We can create project using dsfg command. This command is installed with dsf_core automatically.
If you can’t find dsfg command, then please check our installtion guide again.
dsfg project \
--name {project name} \
--owner {your name} \
--start-date {project start date by iso format} \
--root-dir {your project directory} \
--dwh-root {your data store directory}
If you want more detail of project, please check here.
Next, you have to register your data source to project. In here, document explains in focus on using csv file.
Please edit source/filesource.py in generated project directory.
from abeja_dsf import IntIdSeries, TimestampSeries, IntValueSeries, ValueSeries
from abeja_dsf.core.io.loaders.csv import DSFCSVLoader
files = [
FileSource('some_data',
DSFCSVLoader(schema=[
IntIdSeries('integer_id_column'),
TimestampSeries('timestamp_columns'),
IntValueSeries('integer_value_column'),
ValueSeries('float_value_column')]),
ext='.csv')
]
Please customize schema for DSFCSVLoader according to your data.
If you want more information about schema, please check here.
After register your data source, let’s put your file to source data store.
cp some_file.csv {your data storedirectory}/{project name}/source/static/{file source name}.csv
File name must be same as first argument of FileSource.
And extension must be same as third argument of FileSource.
To create workflow, we can use dsfg command again.
dsfg workflow \
--project-name {project name}\
--root-dir {your project directory}\
--namespace {workflow name space split by .}\
--workflow-name {workflow name}
This command create new workflow class new launcher script in your project direcotry
and also it changes catalogue.py automatically.
If you want more detail of workflow, please check here.

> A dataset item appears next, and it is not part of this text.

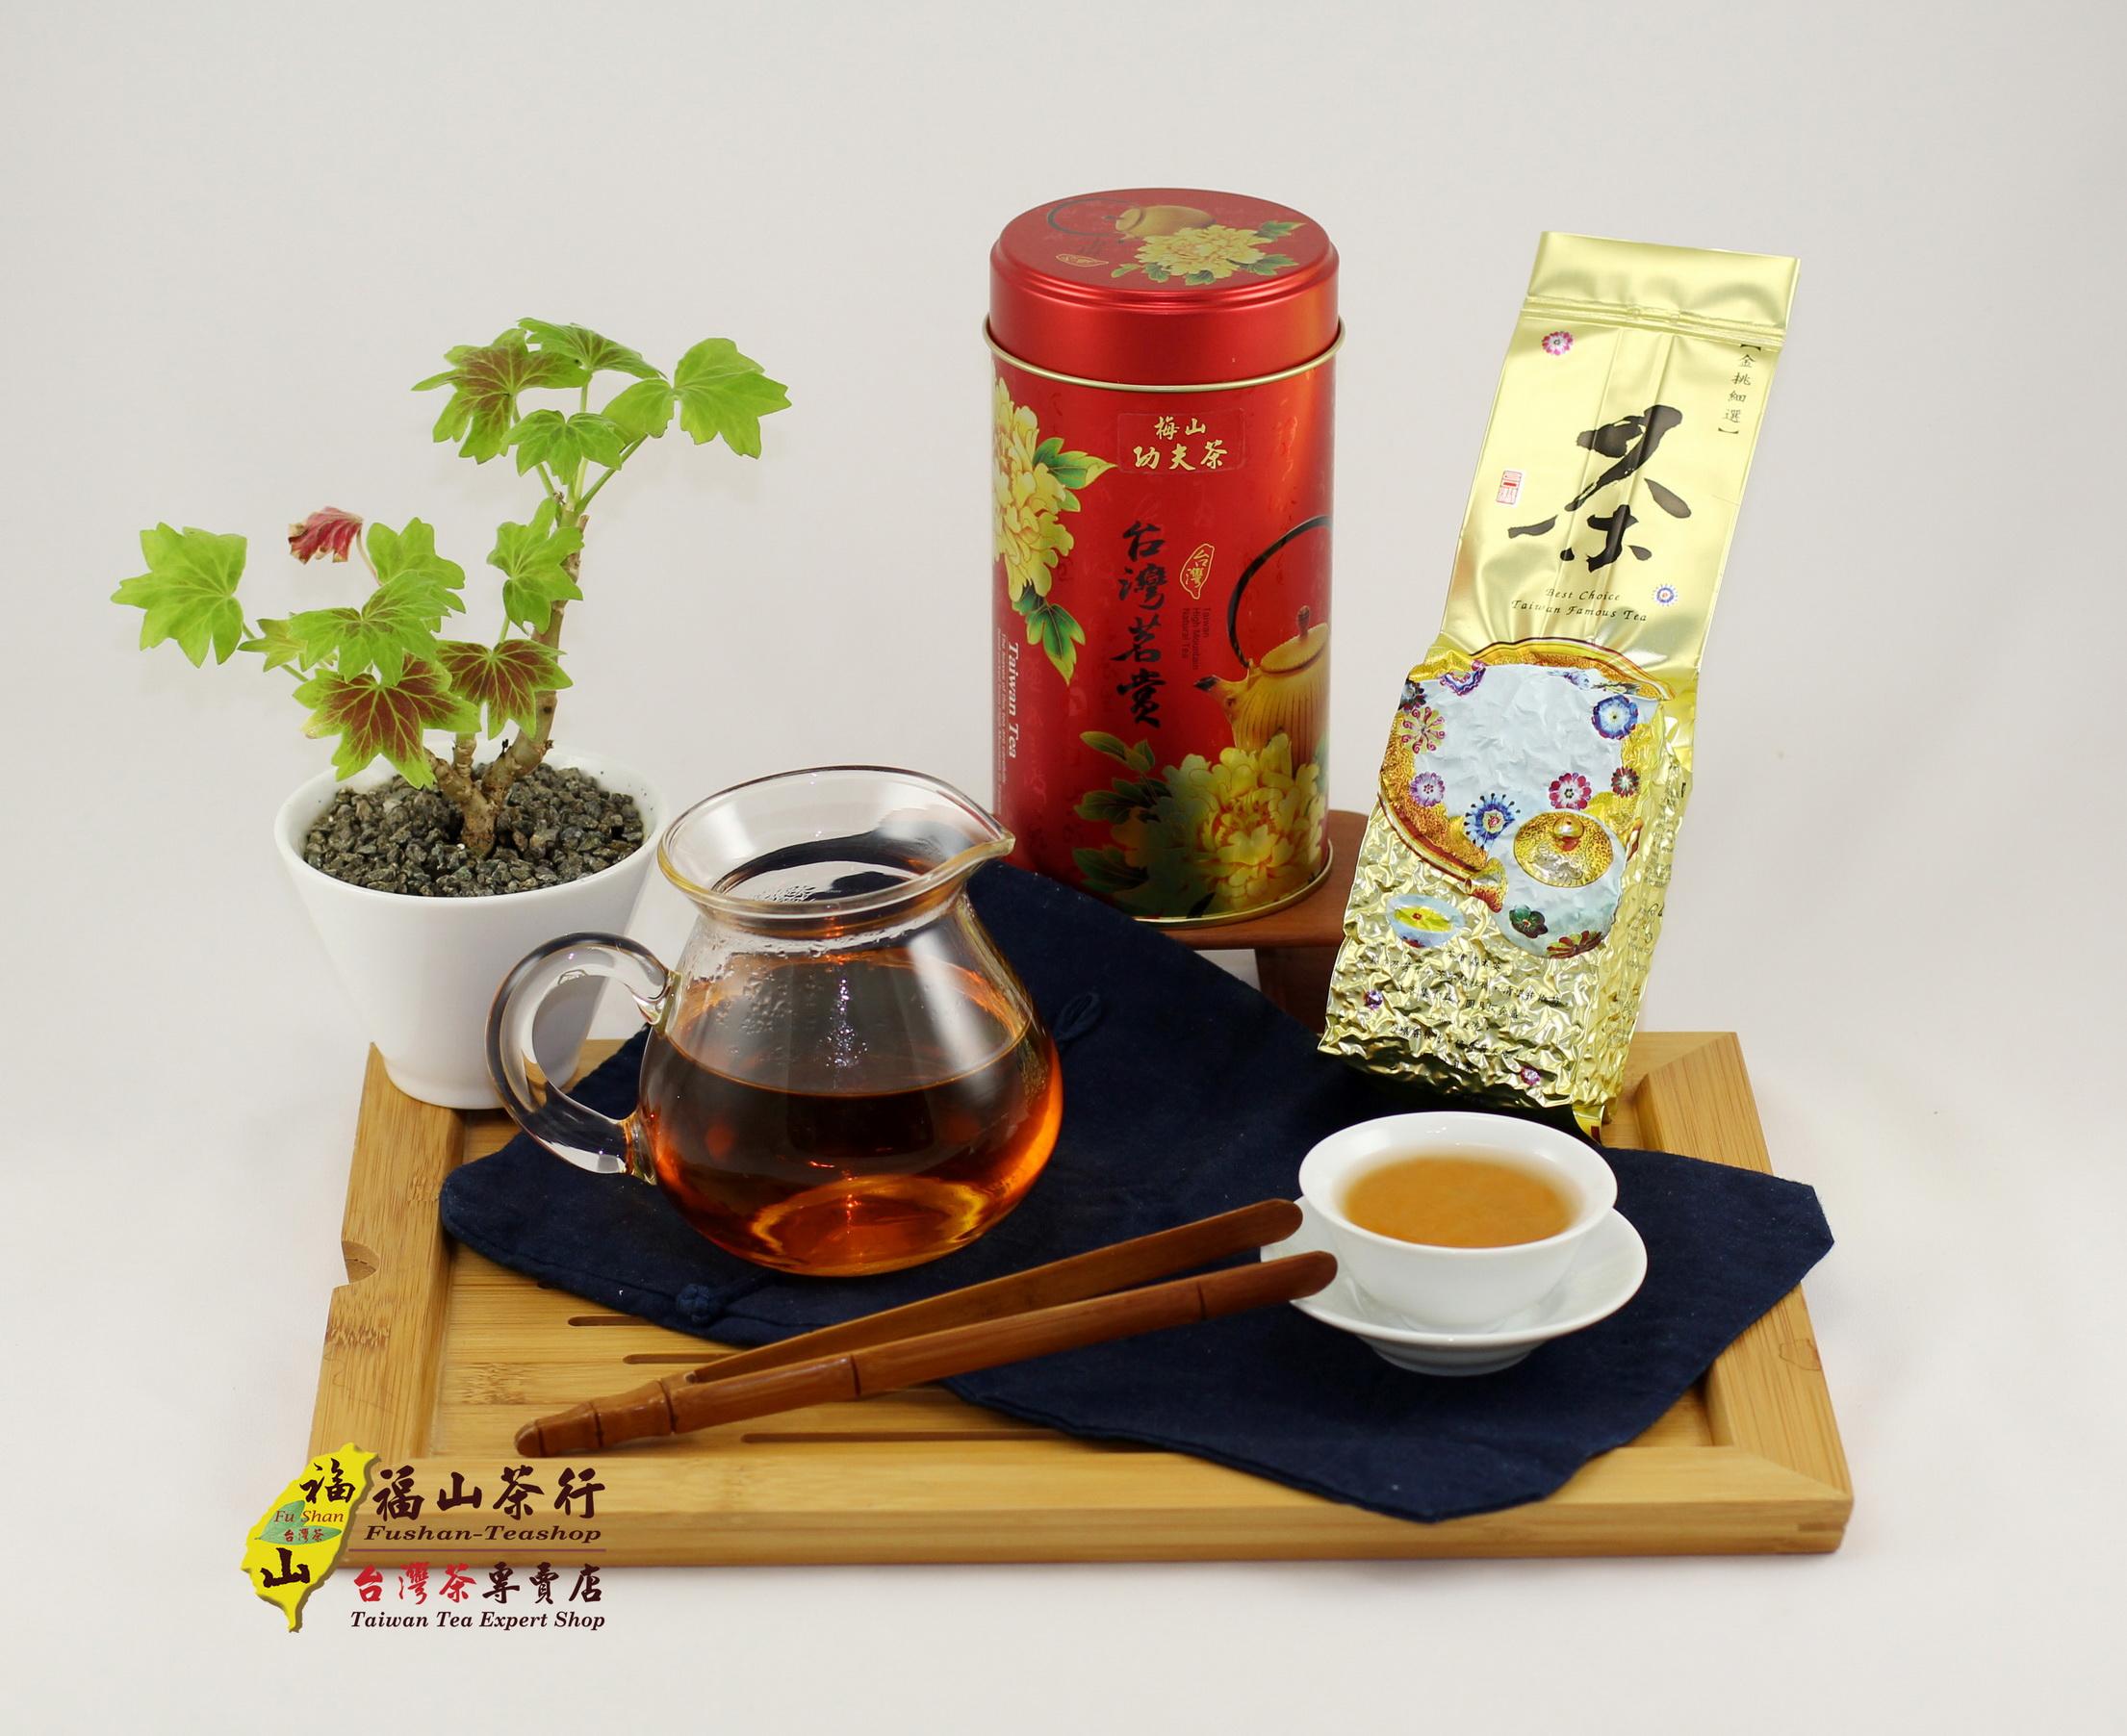 梅山功夫茶1斤【濃郁型】

To setup loader, please edit _setup_loaders method in workflow class file in your workflow directory.
def _setup_loaders(self, execution_date: DSFLazyParameter):
from {project name}.source.files import get_file
self.some_data_loader = get_file('some_data').get_static_file_input()
Now you can write analysis task in your workflow class.
Let’s edit _setup_tasks method.
def _setup_tasks(self):
load_some_data = self.loader('load_some_data', self.some_data_loader)
from abeja_dsf_opkg_df.components.aggregate import DSFDFAggregate
from abeja_dsf_opkg_math.components.op import DSFMathOp
from abeja_dsf_opkg_math.support_types.column_value import ColVal
from abeja_dsf.core.calculation.data_type.dataframe import ColDef
from abeja_dsf_opkg_df.components.aggregate import AggRule
from abeja_dsf_opkg_df.support_types.aggregation_methods import agg_sum
from abeja_dsf_opkg_df.components.rank import DSFDFRank
from abeja_dsf_opkg_df.components.filter import DSFDFFilter
# calculate sales as `sales = unit_price * count`
sales = self.task('sales', DSFMathOp(DSFMathOp.Arguments(
expression=ColVal('unit_price') * ColVal('count'),
output=ColDef('sales', 'float', 'quantity')
)))
# calculate total_sales as `total_sales = sum of sales` for each product
total_sales = self.task('total_sales', DSFDFAggregate(DSFDFAggregate.Arguments(
rules=[AggRule('sales', agg_sum, 'total_sales')],
keys=['product_id']
)))
# calculate ranking from total_sales
total_sales_rank = self.task('total_sales_rank', DSFDFRank(DSFDFRank.Arguments(
column_name='total_sales', output_column_name='total_sales_rank',
method='first', ascending=False
)))
# extract top 3
top3 = self.task('top3', DSFDFFilter(DSFDFFilter.Arguments(
expression=ColVal('total_sales_rank') <= 3.0
)))
# set dependence relationship
sales(load_transaction)
total_sales(sales)
total_sales_rank(total_sales)
top3(total_sales_rank)
from abeja_dsf.core.io.protocol_loader_io import DSFProtocolLoaderOut
from abeja_dsf.core.io.protocols.file import DSFFileProtocol
from abeja_dsf.core.io.loaders.csv import DSFCSVLoader
# output result
self.terminal('write_top3',
DSFProtocolLoaderOut(
DSFFileProtocol('top3.csv', 'w'),
DSFCSVLoader()),
[top3])
This is workflow example to load data and extract top 3 sold products.
What are written in example is:
self.loader methodself.task methodDSFAggregate or DSFMathOptask(required_task) syntaxFor mere detail of task, please check here and for more about calculation component, please check here.
To execute workflow, we can use dsfrun workflow command.
# configure some environment variables
source profile
# and execute
dsfrun workflow \
--project {project_name} \
--workflow {workflow full name} \
--date {execution date by iso format}
To check workflow full name, please see catalogue.py.
For more detail of dsfrun command, please check here.
All of quick start is done. Let’s enjoy data analysis with DSF with more documents.